I did think, as some mentioned, that it should be a philosophy rather than a religion... maybe if I go I'll ask them about that...
Poppers, what you described sounds like what I imaginie it as being...
Thank you all for your comments... :)
Very simple belief system quiz:
Quite simplified but interesting.
That was fun, and the results don't surprise me. Notice which religion is at the bottom of the list:
The top score on the list below represents the faith that Belief-O-Matic, in its less than infinite wisdom, thinks most closely matches your beliefs. However, even a score of 100% does not mean that your views are all shared by this faith, or vice versa.
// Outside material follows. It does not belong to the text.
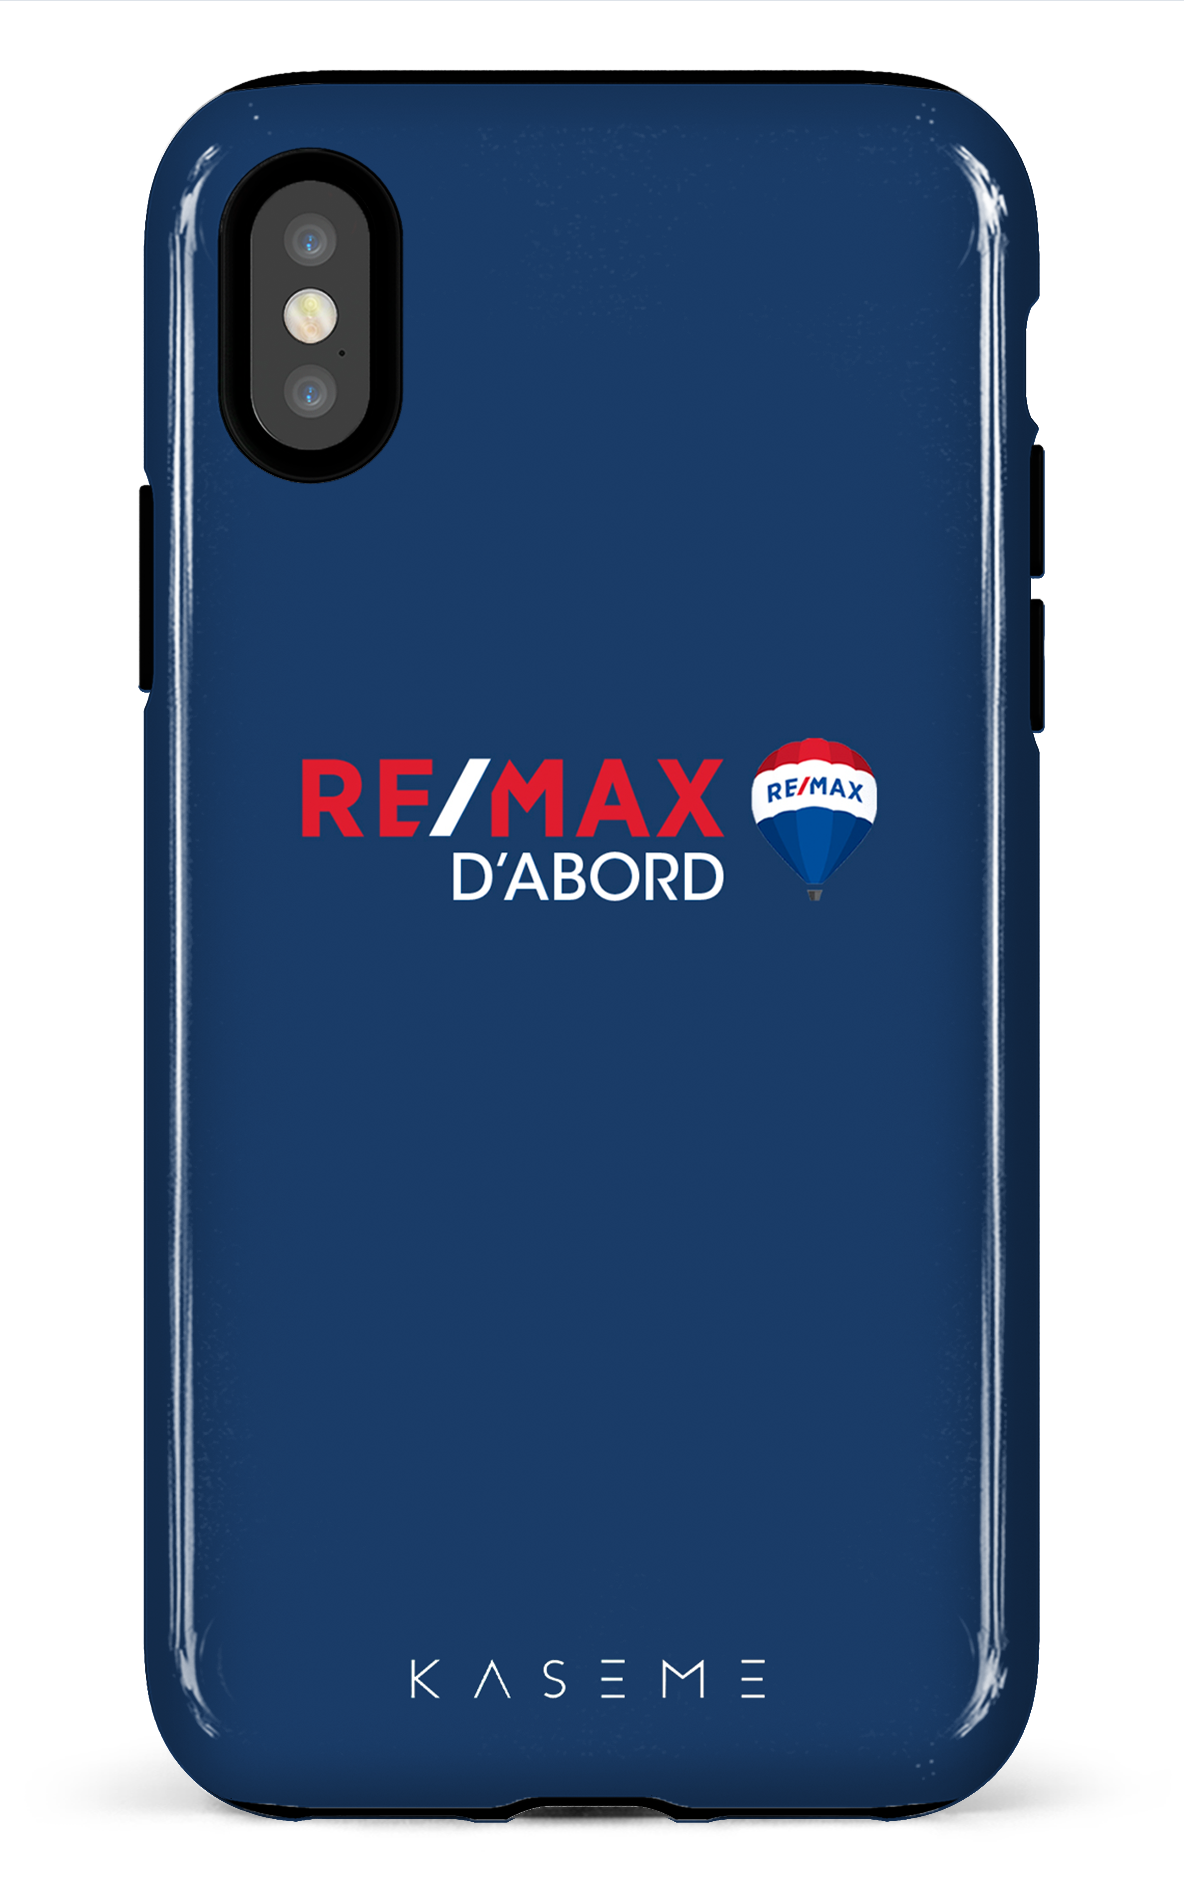 Remax D'abord Bleu - iPhone X/XS
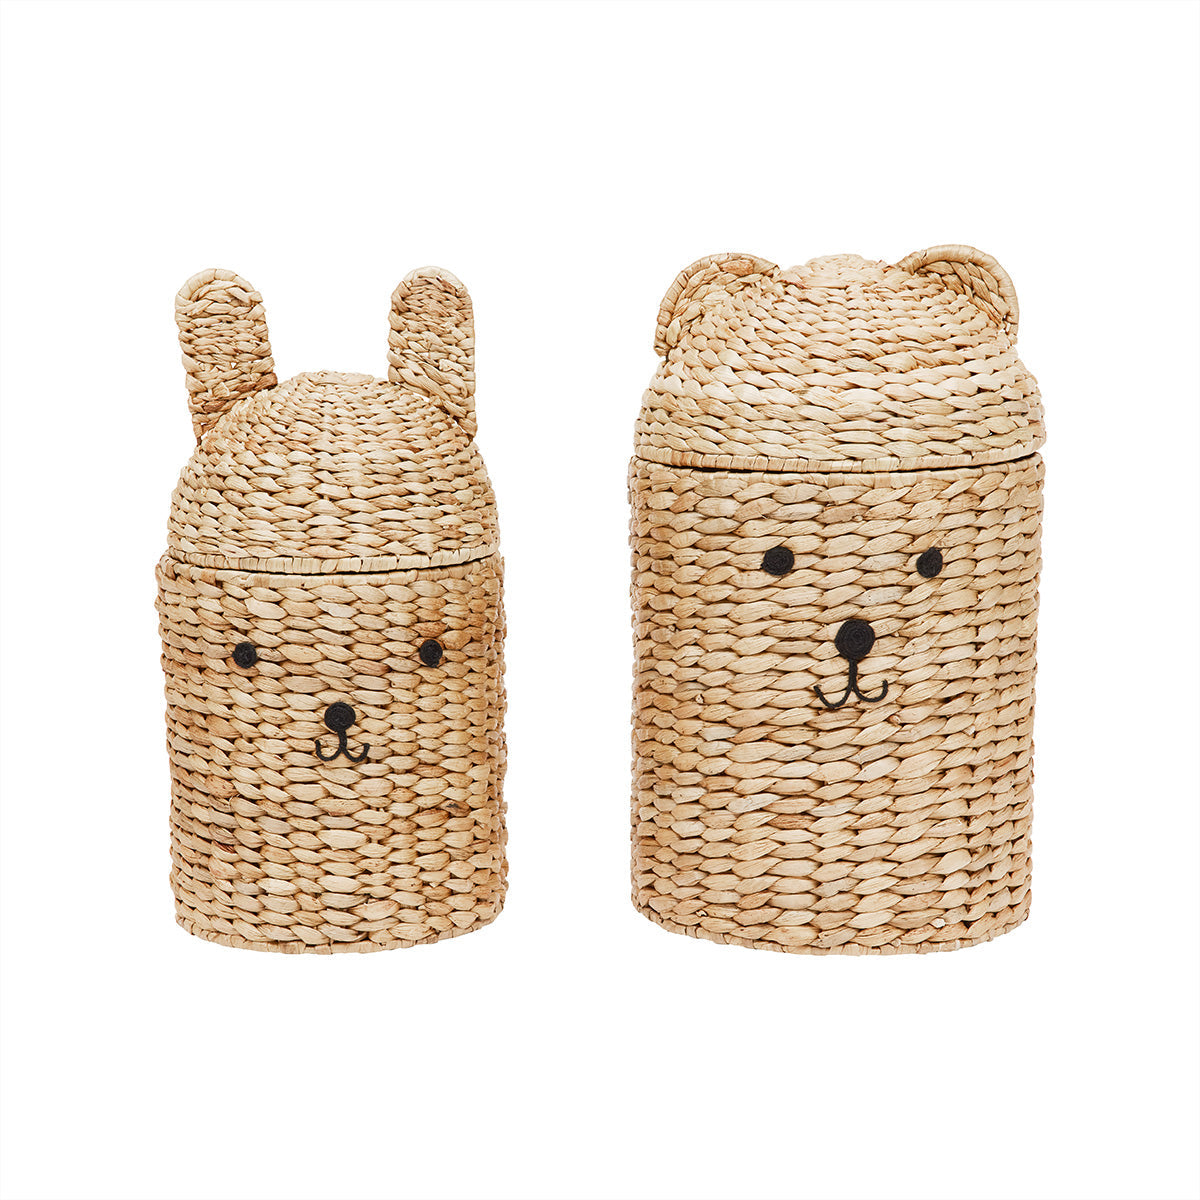 OYOY MINI Bear & Rabbit Storage Basket - Set of 2 Storage 901 Nature

Belief-O-Matic then lists another 26 faiths in order of how much they have in common with your professed beliefs. The higher a faith appears on this list, the more closely it aligns with your thinking.
How did the Belief-O-Matic do? Discuss your results on our message boards.
1. Secular Humanism(100%) 2. Unitarian Universalism(95%) 3. Liberal Quakers(78%) 4. Theravada Buddhism(74%) 5. Nontheist(73%) 6. Neo-Pagan(67%) 7. Mainline to Liberal Christian Protestants(65%) 8. Taoism(56%) 9. New Age(55%) 10. Reform Judaism(53%) 11. Mahayana Buddhism(44%) 12. Orthodox Quaker(42%) 13. Scientology(40%) 14. Baha'i Faith(40%) 15. New Thought(37%) 16. Sikhism(36%) 17. Christian Science (Church of Christ, Scientist)(32%) 18. Jainism(31%) 19. Church of Jesus Christ of Latter-Day Saints (Mormons)(24%) 20. Mainline to Conservative Christian/Protestant(23%) 21. Islam(22%) 22. Orthodox Judaism(22%) 23. Seventh Day Adventist(17%) 24. Hinduism(15%) 25. Eastern Orthodox(15%) 26. Roman Catholic(15%) 27. Jehovah's Witness(4%
I have attended a couple of times, and enjoyed it. But not willing to commit or volunteer for anything.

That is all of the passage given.